Background Limb-girdle muscular dystrophy type R1 (LGMDR1) can be caused by recessive CAPN3 mutations accounting for the majority of LGMD. To date, no systemic evaluation has been performed to analyse the detrimental and normal mutations on CAPN3 and its hotspots.

Methods CAPN3 variants (n=112) from a total of 124 patients with LGMDR1 recruited in four centres in China were retrospectively analysed. Then external CAPN3 variants (n=2031) from online databases were integrated with our Chinese cohort data to achieve a worldwide perspective on CAPN3 mutations. According to their related phenotypes (LGMDR1 or normal), we analysed consequence, distribution, ethnicity and severity scores of CAPN3 mutations.

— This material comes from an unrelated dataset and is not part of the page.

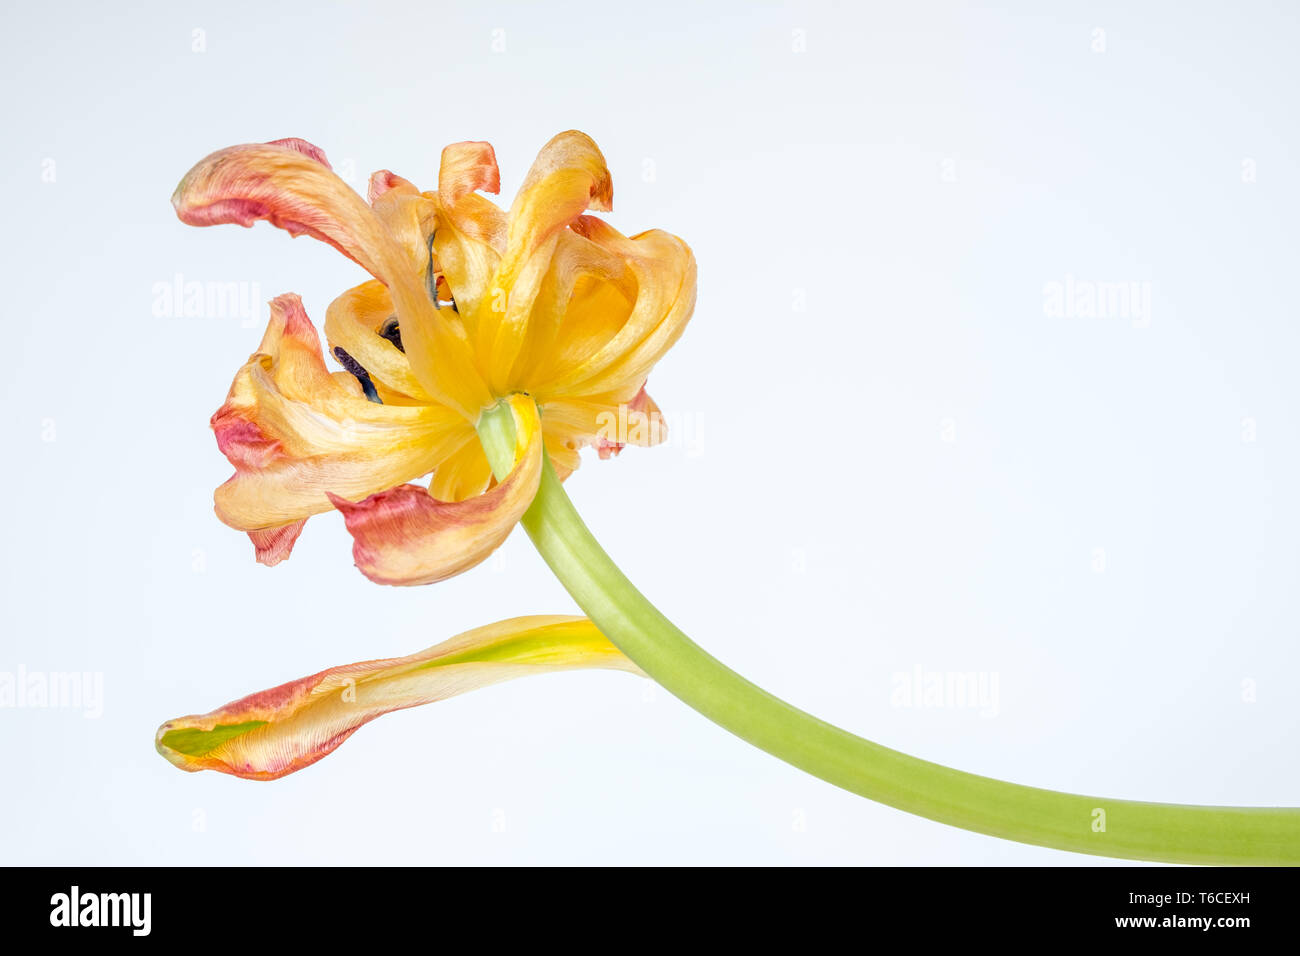 Pétales de tulip - isolé contre fond blanc - à commencer à s'enrouler et se fanent tandis que la fleur vieillit avec élégance Banque D'Images

Results Two hotspot mutations were identified including c.2120A>G in Chinese population and c.550del in Europe. According to the integrated dataset, 521 mutations were classified as LGMDR1-related and converged on exons 1, 10, 5, 22 and 13 of CAPN3. The remaining 1585 variants were classified as normal-population related. The deleterious ratio of LGMDR1-relevant variants to total variants in each population was 0.26 on average with a maximum of 0.35 in Finns and a minimum of 0.21 in South Asians. Severity evaluation showed that Chinese LGMDR1-related variants exhibited a higher risk (Combined Annotation Dependent Depletion score +1.10) than that from database patients (p<0.001).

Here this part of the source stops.